# Is it possible to use bsnl evdo with any router?



## nipunmaster (Nov 4, 2011)

i currently have bsnl 900ULD plan. It gives 4mbps only till 8gb and then it sticks to only 256 kbps, which is extremely slow. So I am thinking of changing to EVDO unlimited plan for only 750 rs and it will give unlimited speed without anuy FUP at 3.1 mbps. Now I have a desktop and a laptop. And sometimes, the internet is simultaneously needed for both. Currently, in the BSNL modem, I have enabled wifi so i can use the internet on my laptop also. i want to know if there is any router available for bsnl EVDO, other than their own router, because they charge 6000rs per month for their router.

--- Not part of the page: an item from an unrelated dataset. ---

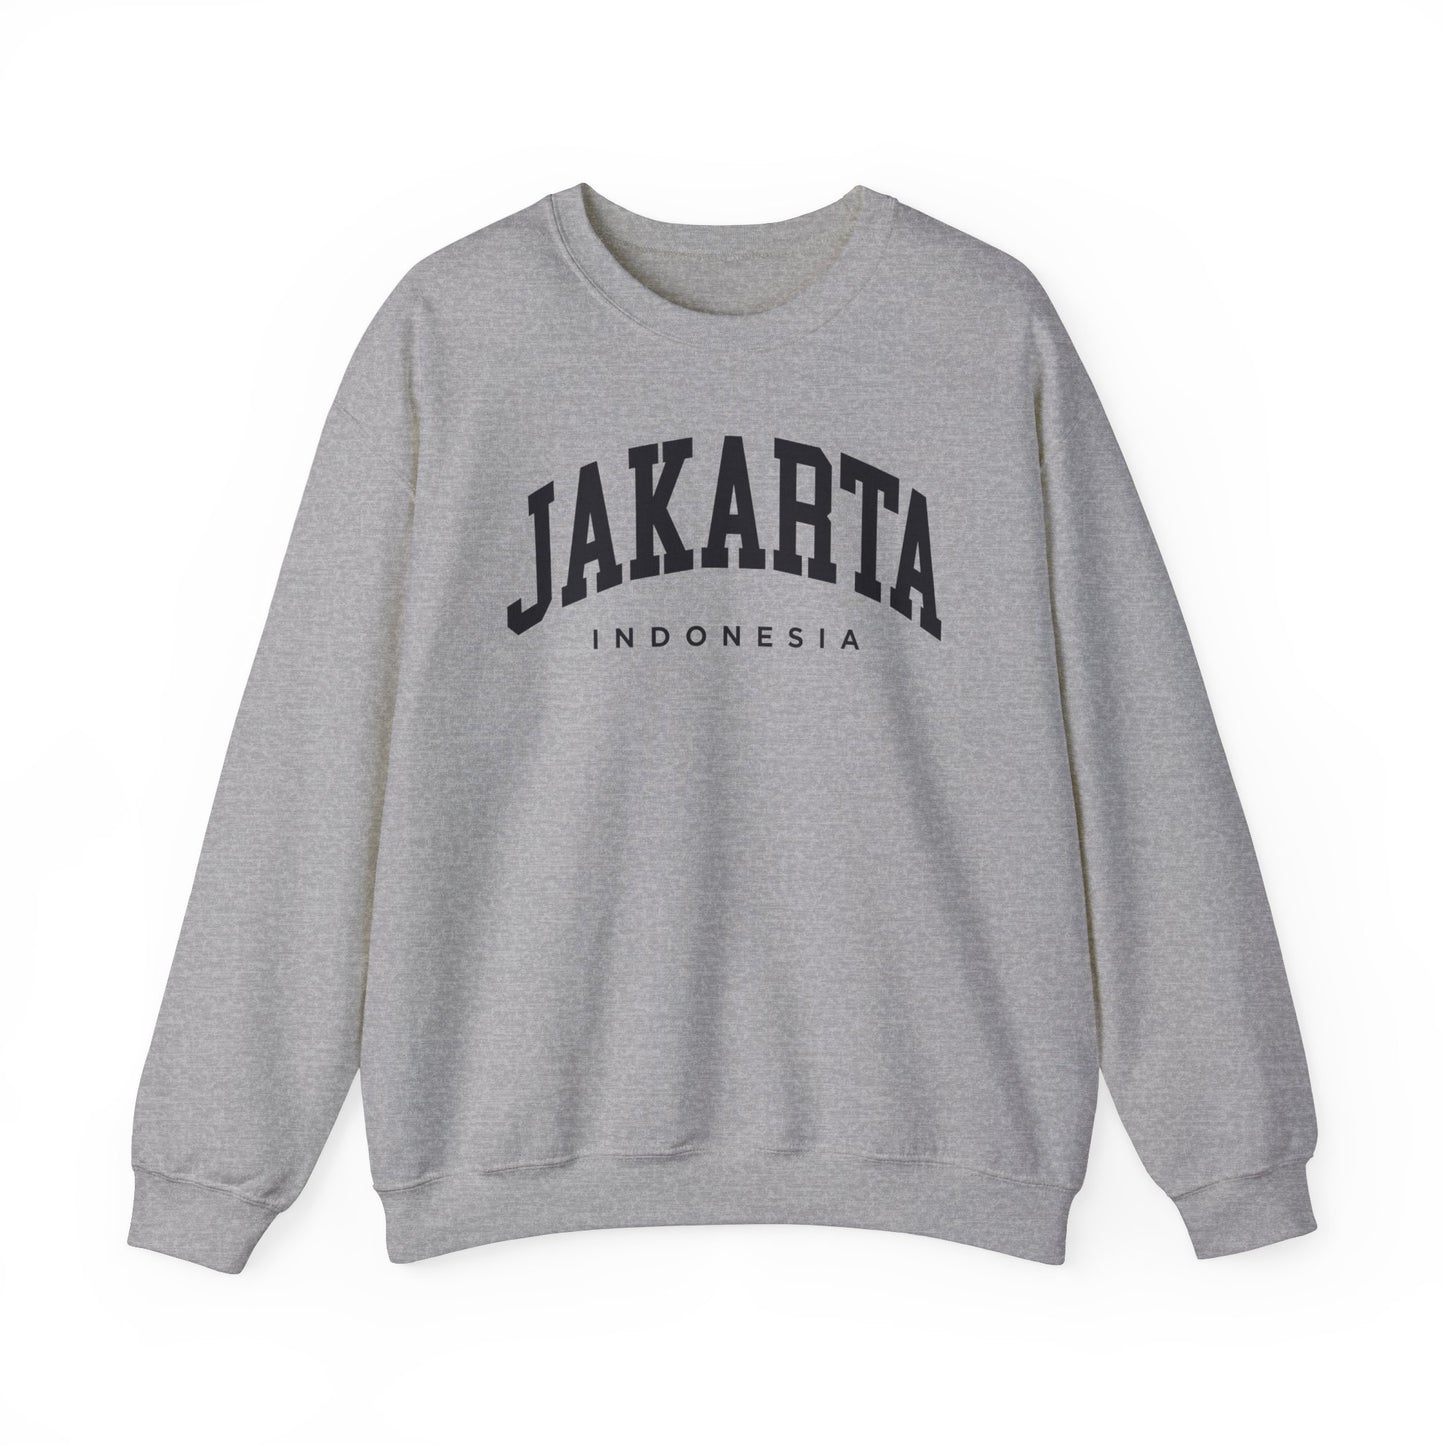 Jakarta Indonesia Sweatshirt

I mean that i could plug in the usb evdo stick into that router, connect that router to my desktop and with wifi use the laptop. I saw my friend using that way using an asus router on tikona broadband. is it possible with bsnl evdo?


----------



## bubusam13 (Jun 2, 2012)

Ohh, nobody replied, strange.

@*nipunmaster*...  yes you can. see this 3G Broadband Router - Reliance / Tata / BSNL / MTS USB | eBay

You can also convert your laptop to a wireless access point.


----------



## thatsashok (Jun 2, 2012)

EVDO gives good speeds only if your home is 1~2 kms from the EVDO tower and the no.of persons using the tower

Call BSNL CSC and ask for a speedtest demo at your place before taking one. Also you can use EVDO by taking a RUIM (like SIM card for CDMA) and use them in unlocked MTS/Reliance modems and use RUIM in that.


----------